THE PROBLEM
Reproduce the lines of the material exactly, excluding every image.

THE DATA
* * *

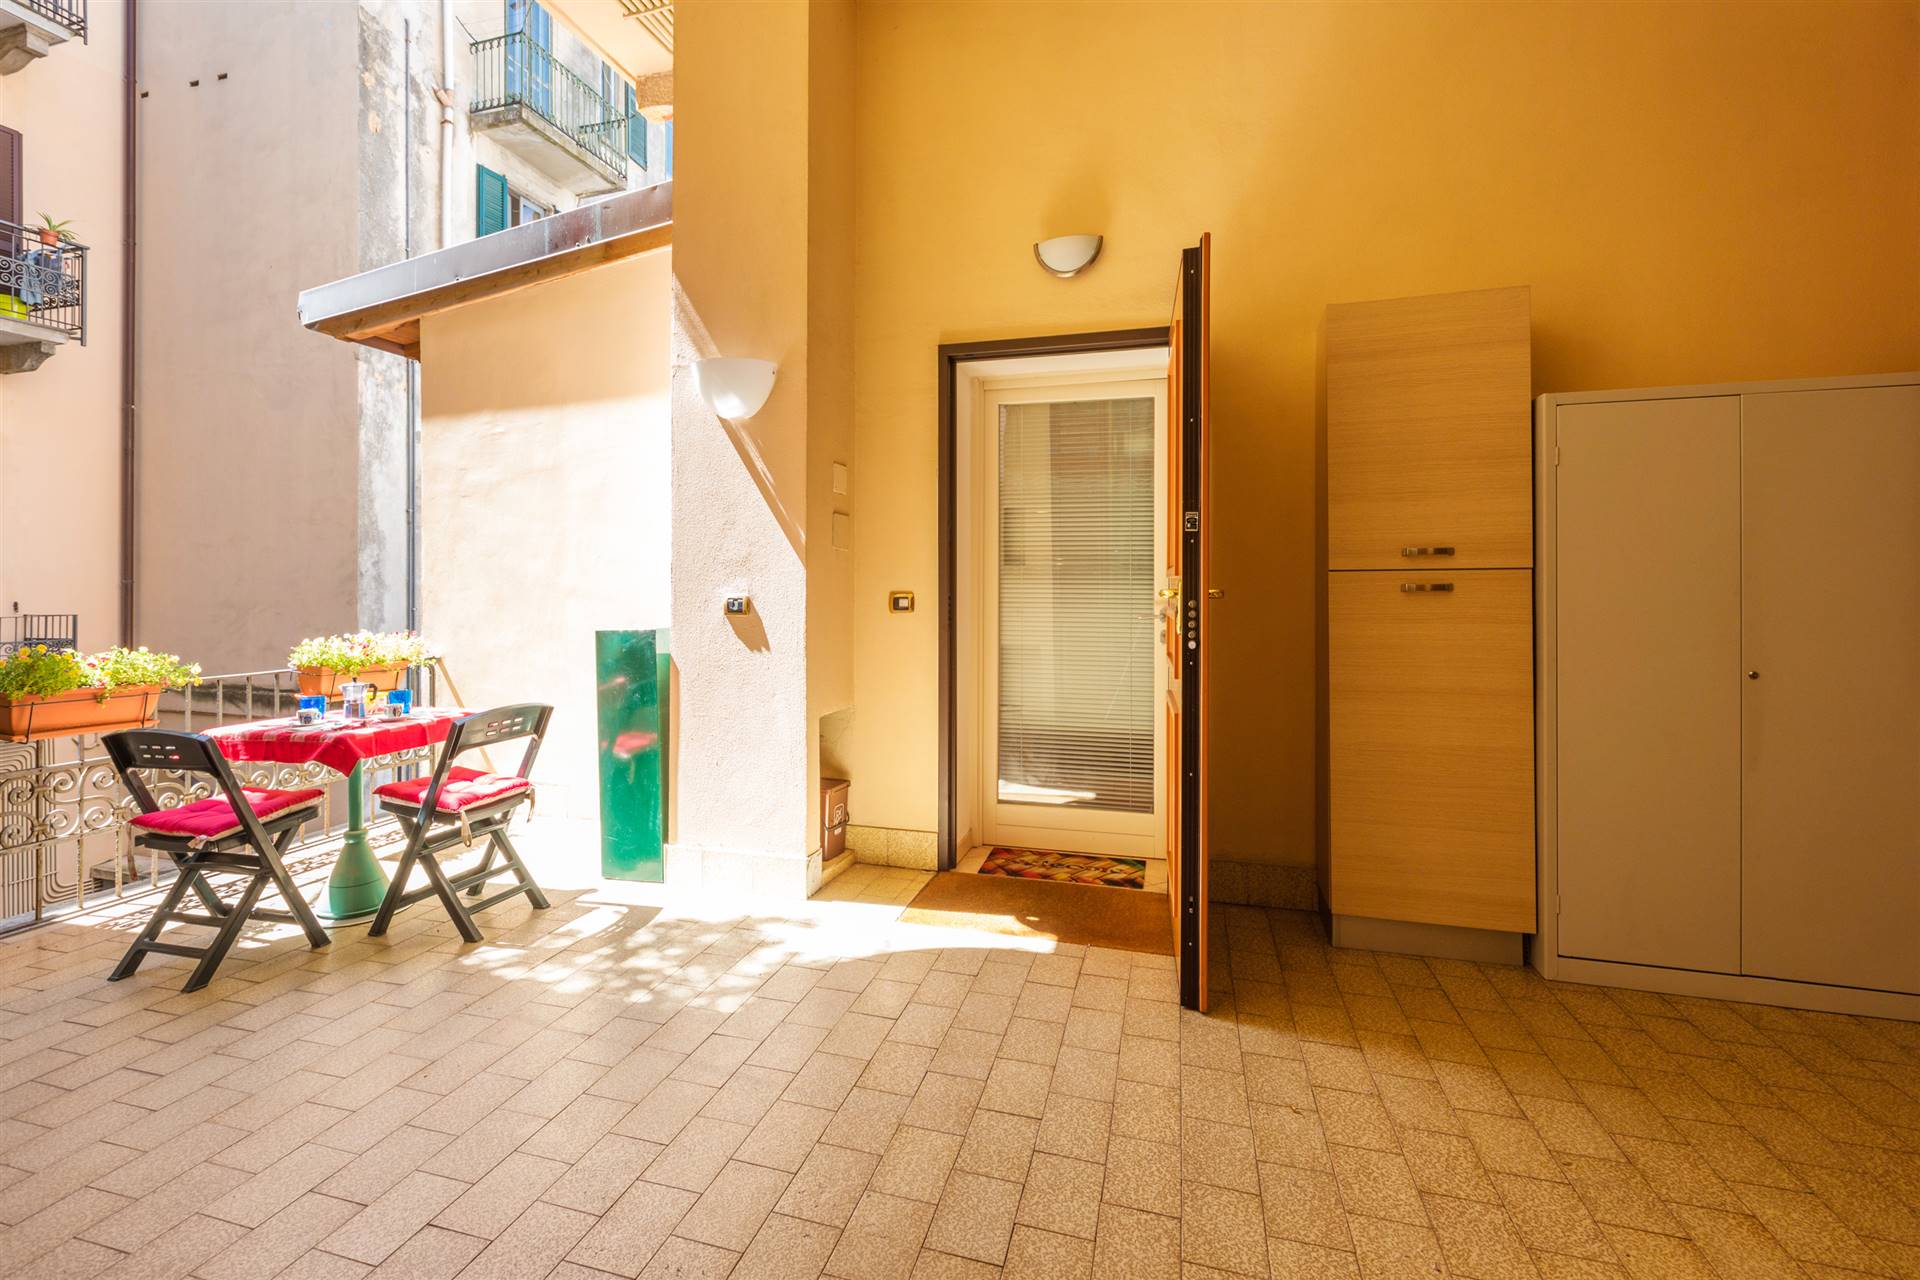 Appartamento in vendita a Lecco, 2 locali, zona Località: CENTRO CITTÀ, prezzo € 210.000 | CambioCasa.it
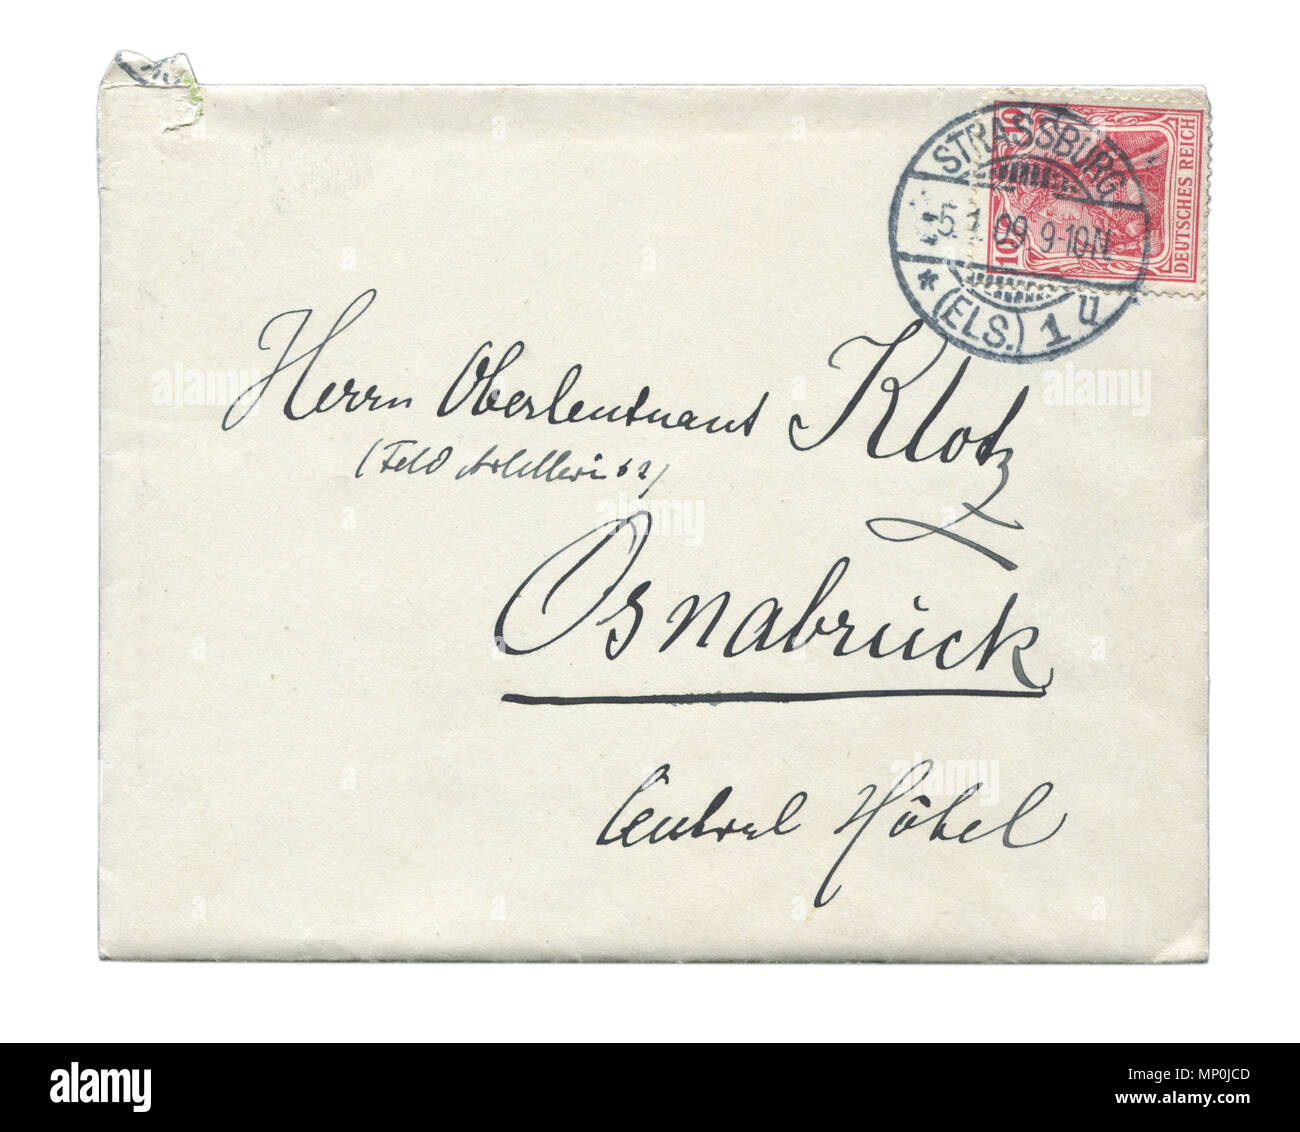 Alte Deutsche Post Umschlag mit roten Stempel, Stempel, mit Tinte Inschrift. Straßburg, das Kaiserliche Gebiet von Elsaß-Lothringen, Deutsches Reich, 1909 Stockfoto
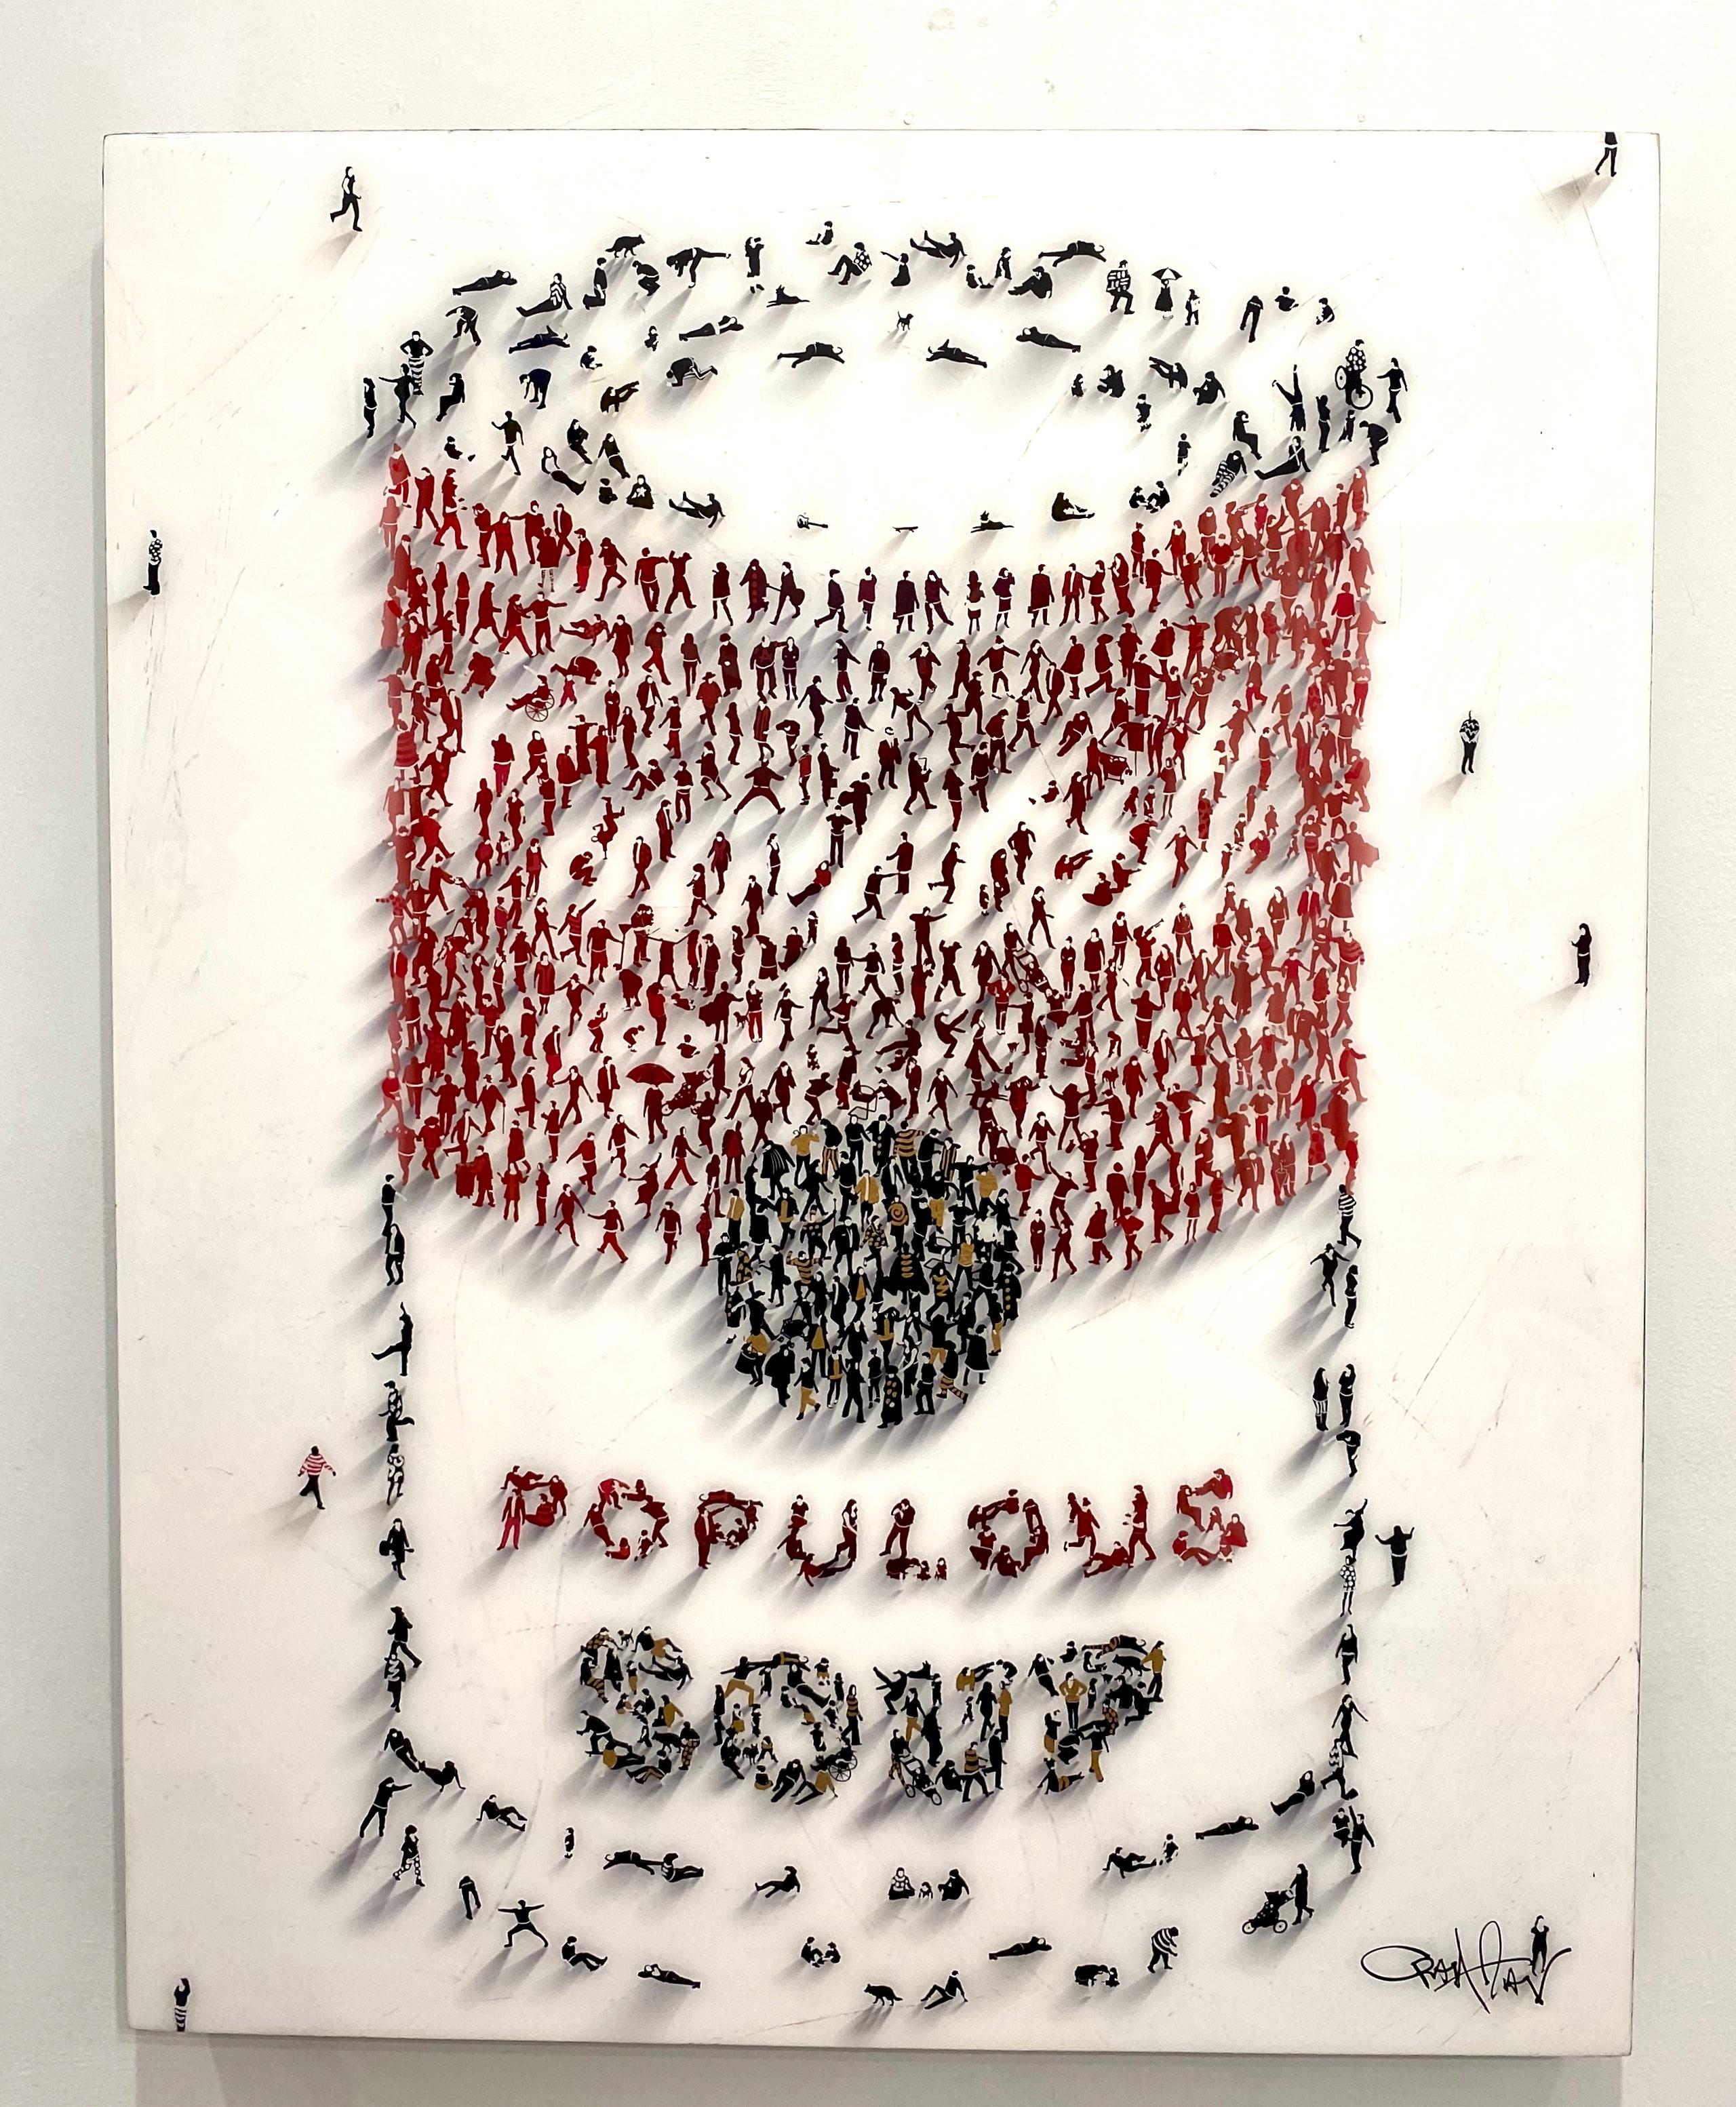 'Populus Homage' - "Populus Soup"

* * *

OUTPUT FOR THIS EXERCISE
 Appartamento in vendita a Lecco, 2 locali, zona Località: CENTRO CITTÀ, prezzo € 210.000 | CambioCasa.it
 Alte Deutsche Post Umschlag mit roten Stempel, Stempel, mit Tinte Inschrift. Straßburg, das Kaiserliche Gebiet von Elsaß-Lothringen, Deutsches Reich, 1909 Stockfoto
 'Populus Homage' - "Populus Soup"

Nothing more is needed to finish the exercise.